In September 2015, 135 people died in Taiz governorate when a wedding party was bombed in the village of Wahija, near al-Mukha, and more than 30 died in June this year when airstrikes hit a market in Hayfan during the supposed ceasefire. Taiz has also seen the largest number of school buildings struck in a single governorate with one site in al-Omary, Dhubab being hit nine times.
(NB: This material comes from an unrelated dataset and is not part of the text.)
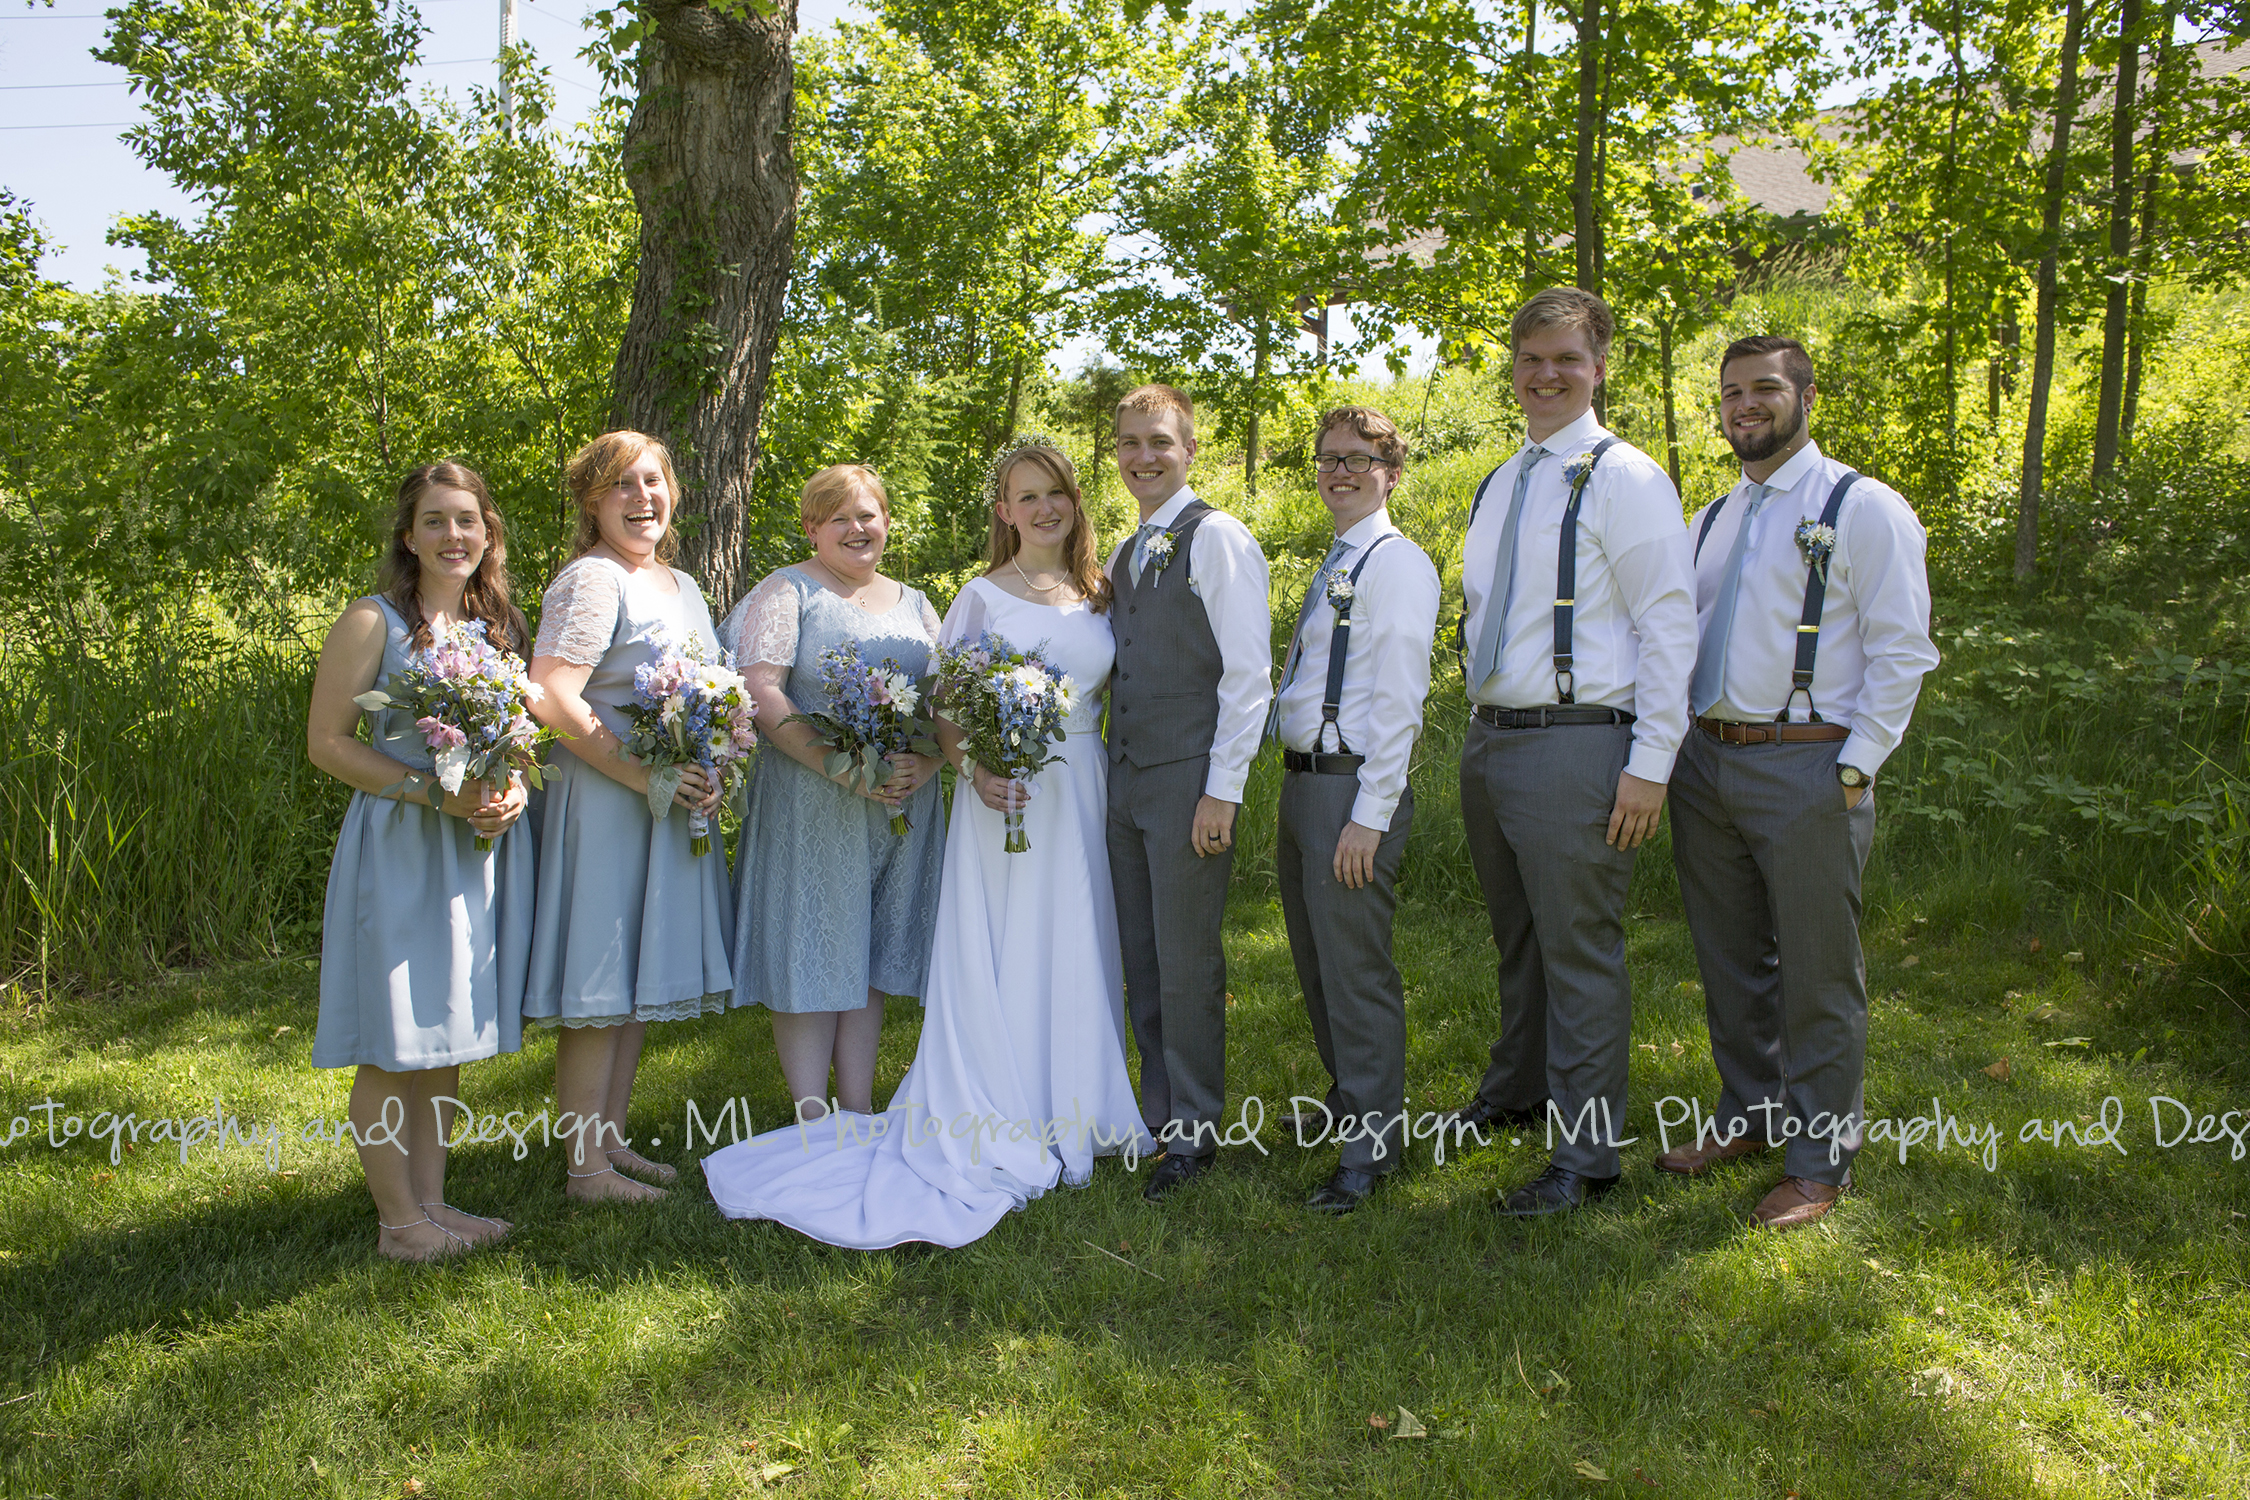 Lac-Lawrann-Conservancy-Wedding-29.jpg

This is consistent with the Saudi strategy of repeat targeting — Taiz airport and the docks in al-Mukha have been hit 16 and 18 times respectively.

From the start of the hideous Saudi bombing campaign against Yemen 18 months ago, two countries have played active, vital roles in enabling the carnage: the U.S. and U.K. The atrocities committed by the Saudis would have been impossible without their steadfast, aggressive support, reports Greenwald adding: “British and American military officials are in the command and control center for Saudi airstrikes on Yemen” and “have access to lists of targets.” In sum, while this bombing campaign is invariably described in Western media outlets as “Saudi-led,” the U.S. and U.K. are both central, indispensable participants.

Warren Strobel and Jonathan Landay of Reuters reported on Monday, that Obama was explicitly warned not only that the Saudis were committing war crimes, but that the U.S. itself could be legally regarded as complicit in them:

The Obama administration went ahead with a $1.3 billion arms sale to Saudi Arabia last year despite warnings from some officials that the United States could be implicated in war crimes for supporting a Saudi-led air campaign in Yemen that has killed thousands of civilians, according to government documents and the accounts of current and former officials.

The Obama administration has offered to sell $115 billion worth of weapons to Saudi Arabia over its eight years in office, more than any previous U.S. administration.

The Saudi campaign is aimed at reinstating the ousted president, Abd Rabbu Mansour Hadi, who first fled to the southern city of Aden before going to Riyadh in March 2015.

The Houthis were pushed out of Aden in July 2015 and have lost ground near Marib but their territory has generally not changed during 18 months of bombing. Houthi fighters are allied with the former president Ali Abdullah Saleh and control Sana’a and vast swaths of territory in western Yemen. The Saudi ‘Operation Decisive Storm,’ which was presumed would take weeks, is now a 16-month-old protracted conflict.

Even before the war, Yemen was the poorest Arab nation and its people are now starving or malnourished. The Saudi intervention turned a crisis into a catastrophe. Some 6,427 people are known to have been killed in the fighting, but these are only the figures for casualties known to the health authorities. A UN says that 14.1 million Yemenis, 54 per cent of the population, have no access to health care. OXFAM estimates that 82 per cent of Yemen’s 21 million population are in need of humanitarian assistance.